The values shown are the 16-bit file modes as stored by Git, following the layout of POSIX types and modes:

  32-bit mode, split into (high to low bits)

    4-bit object type
      valid values in binary are 1000 (regular file), 1010 (symbolic link)
      and 1110 (gitlink)

    3-bit unused

    9-bit unix permission.

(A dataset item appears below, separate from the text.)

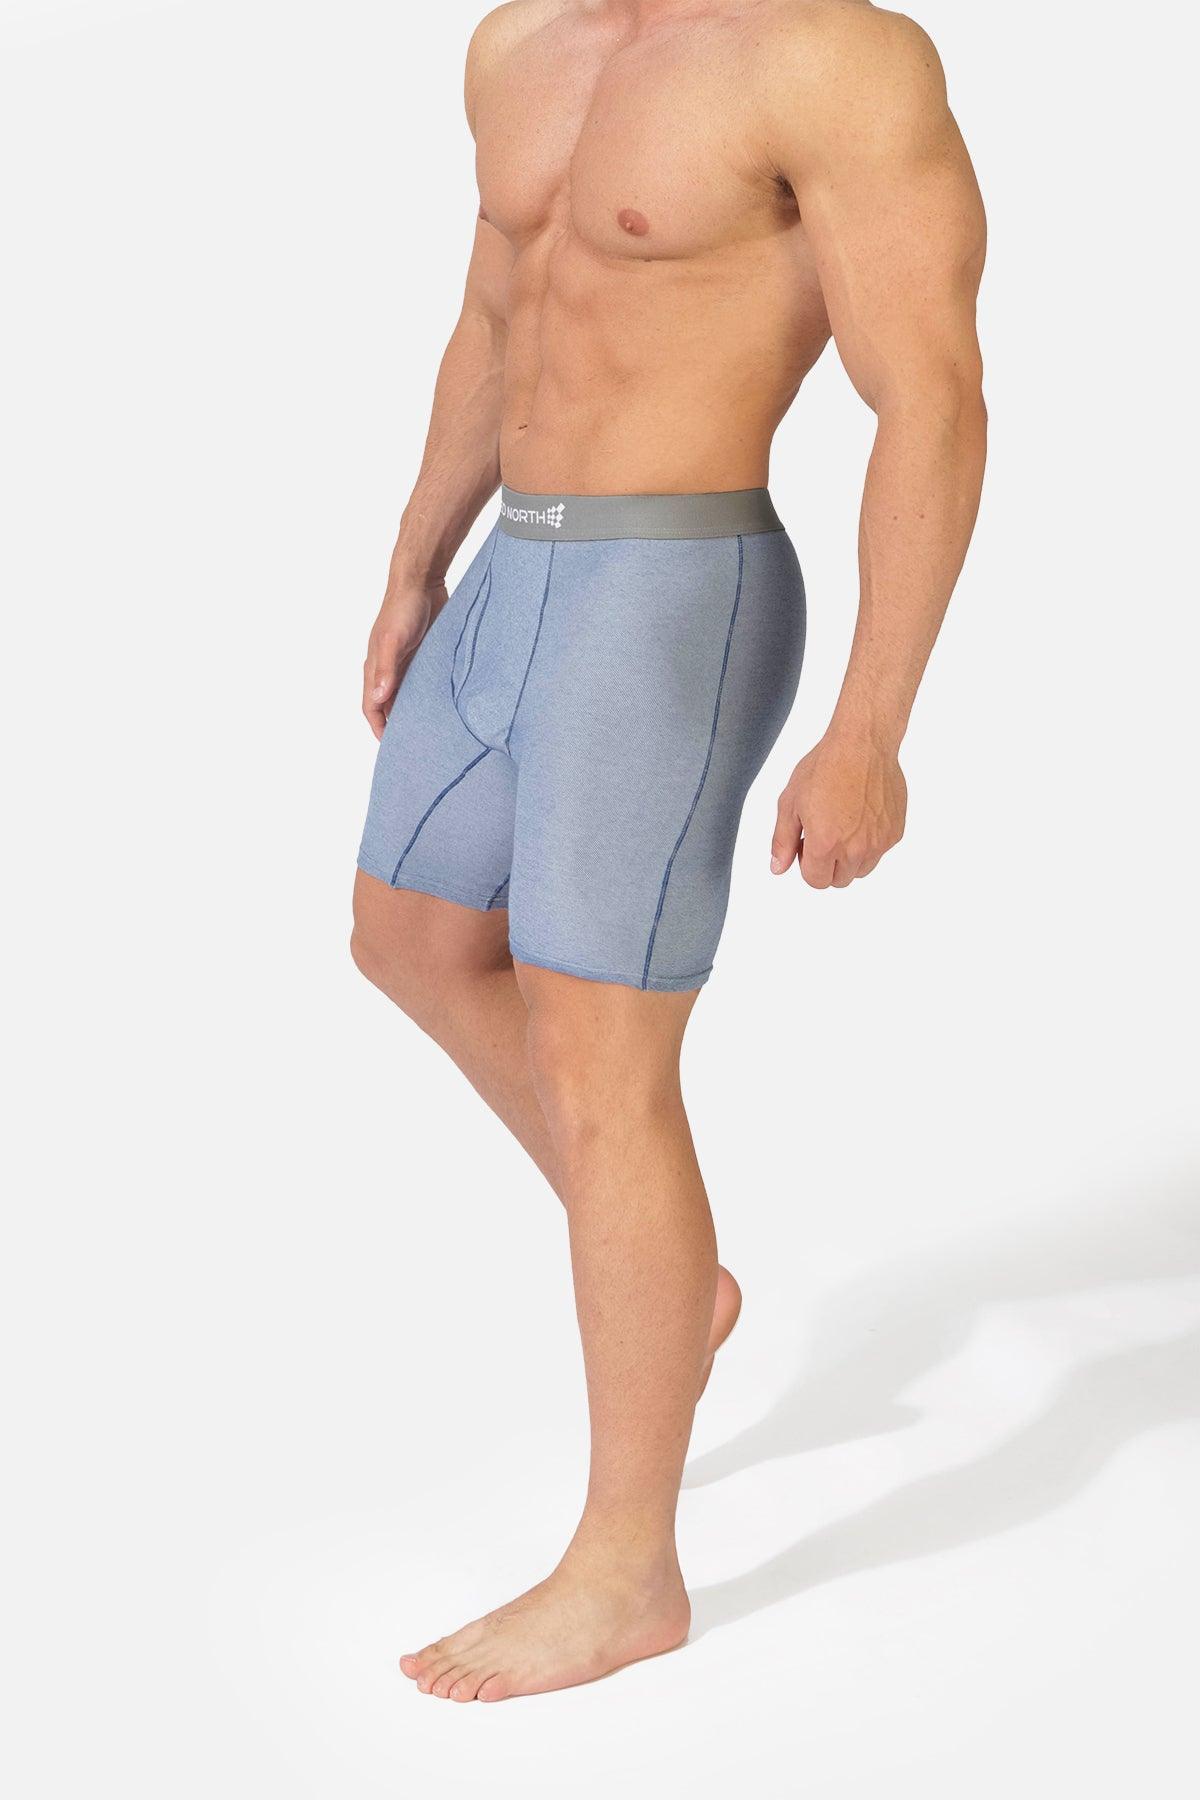 The North Face Underwear for Men

Only 0755 and 0644 are valid for regular files.
    Symbolic links and gitlinks have value 0 in this field.

That file doesn’t mention directories; they are represented using object type 0100.

Each digit in the six-digit value is in octal, representing three bits; 16 bits thus need six digits, the first of which only represents one bit:

Type|---|Perm bits

1000 000 111101101
1 0   0   7  5  5

1000 000 110100100
1 0   0   6  4  4

Git doesn’t store arbitrary modes, only a subset of the values are allowed, from the usual POSIX types and modes (in octal, 12 for a symbolic link, 10 for a regular file, 04 for a directory) to which git adds 16 for Git links. The mode is appended, using four octal digits. For files, you’ll only ever see 100755 or 100644 (although 100664 is also technically possible); directories are 040000 (permissions are ignored), symbolic links 120000. The set-user-ID, set-group-ID and sticky bits aren’t supported at all (they would be stored in the unused bits).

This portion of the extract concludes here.